Allen denied all accusations of abuse and held a press conference declaring his love for Soon-Yi. Though he was excoriated daily in the press for carrying on with his longtime lover’s adopted daughter, Allen could not understand the problem.
“I didn’t find any great moral dilemmas whatsoever,” he told Time magazine in November 1992. “I didn’t feel that just because she was Mia’s daughter, there was any great moral dilemma. It was a fact, but not one with any great import. It wasn’t like she was my daughter.”
Woody Allen was never charged with molesting Dylan. An investigative team of child-abuse experts at Yale-New Haven Hospital said he didn’t do it, while the state Supreme Court judge on the case, Elliot Wilk, said he didn’t know if Allen did it. Mia was awarded custody, and Allen was permitted supervised visits only with Satchel, now Ronan. By 1995, the visits stopped when the boy said he no longer wanted to see Allen, and a judge ruled the visits be suspended.
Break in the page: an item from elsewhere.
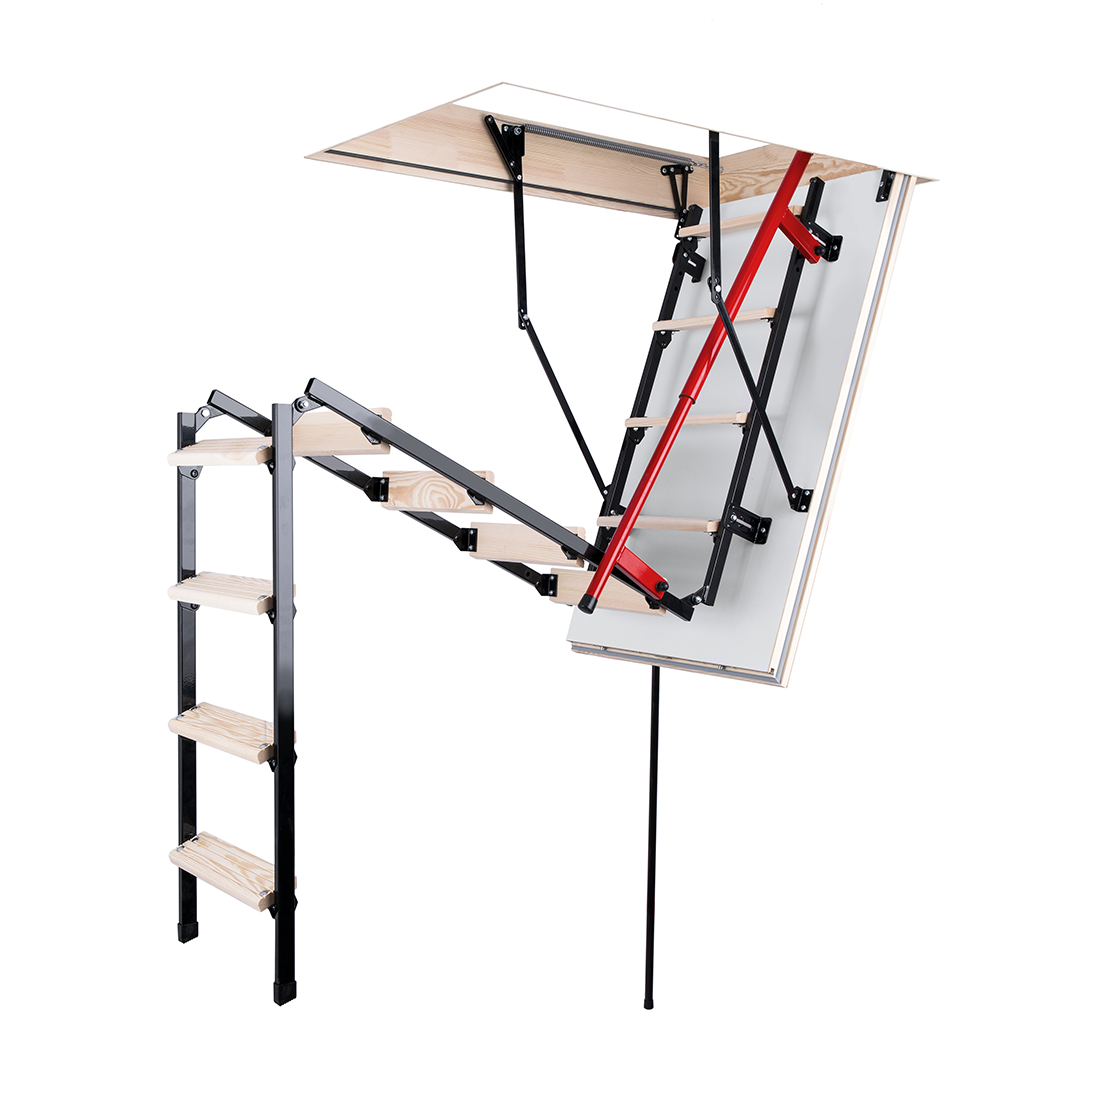 3 section Reso Metal Wooden Attic Ladder 47 x 23.5 with telescopic handrail

In 1997, Woody and Soon-Yi married in Venice and later adopted two daughters of their own. He still doesn’t understand why their romance repulsed people. “What was the scandal?” he said in 2011. “I fell in love with this girl. I married her.”
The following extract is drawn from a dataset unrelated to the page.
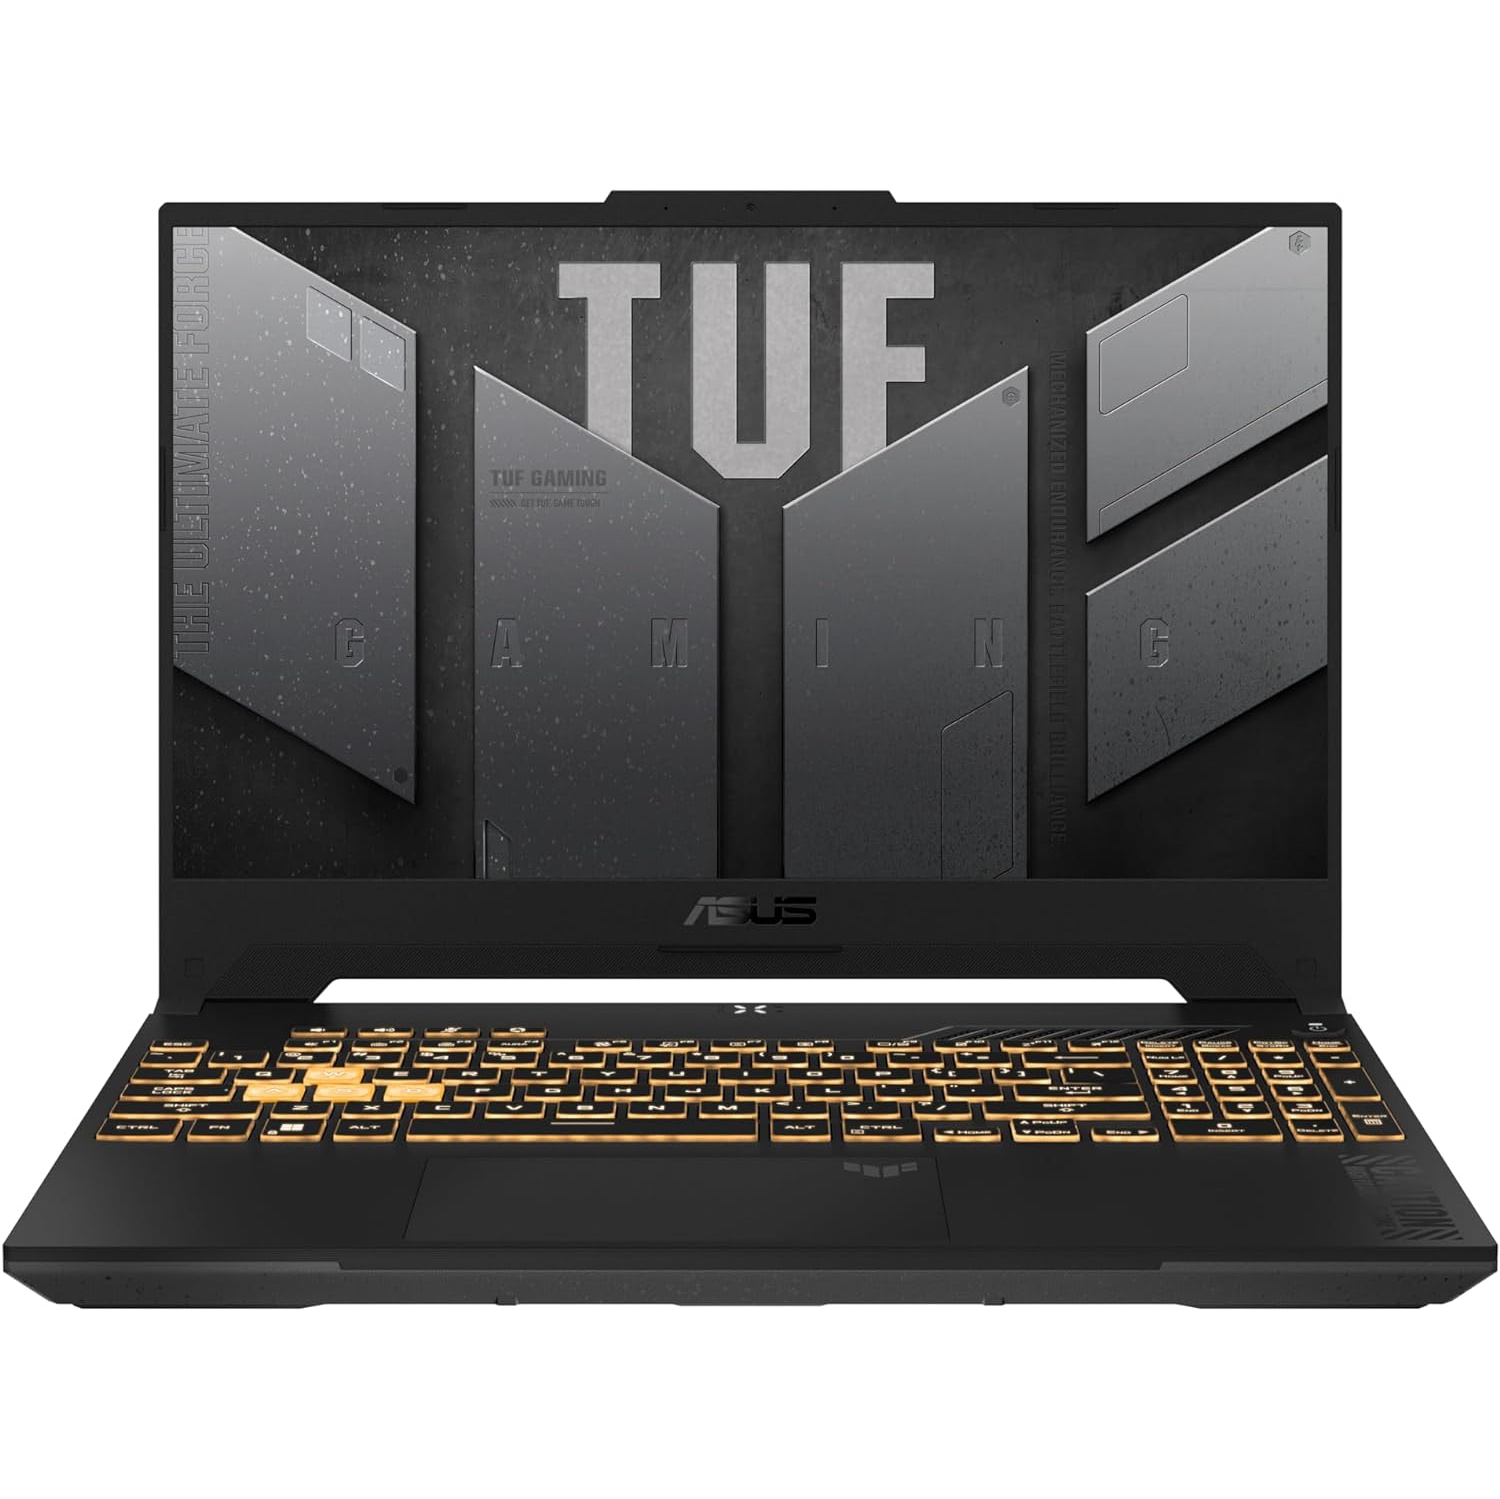 ASUS TUF Gaming F15 15.6" Gaming Laptop, Intel Core i5-11400H, 8GB RAM, 512GB SSD, NVIDIA GeForce RTX 3050 4GB, Windwos 10 Home (Win. 11 Ready)

Among the people who’ve publicly taken sides in this Gothic family saga is Stacey Nelkin, who dated Allen when she was 17 and he was 41.
“What disturbs me is that Mia has tried to blur these lines — because he likes to date young women, he must have been interested in a 7-year-old,” she says. “Pedophiles are compulsive. No one has accused him before, and no one has subsequently.”
Nelkin first met Allen when he cast her in “Annie Hall.” A few months later, they began dating. She was still a student at Stuyvesant High.
“I was 17, but I was a sophisticated New York City kid,” she says. She recalls him as very considerate. “I rarely slept over,” she says. “He was adamant about me not staying so that I’d be at school on time.”
Stacy Nelkin, with two photos of herself when she was a teenager. Photo: Helayne Seidman
Their relationship was the inspiration for Allen’s film “Manhattan,” in which he romances a teenage Mariel Hemingway who, as Nelkin did, chases him, cajoles him into a relationship, then breaks it off, leaving him heartbroken.
“He said, ‘What is this, a pattern with you?’ ” Nelkin recalls. “I said, ‘A pattern? I’m 19!’ ”
Nelkin spent years in psychotherapy to work through that relationship. “Every therapist I’ve ever seen in New York, their eyes light up” at his name, she says. “At some point, They’ve probably all come across him.”
While Nelkin says she found Allen’s romance with Soon-Yi “creepy,” she thinks it’s unfair the public holds only him accountable for all that’s transpired.
“He and Mia,” she says, “created this Greek tragedy together.”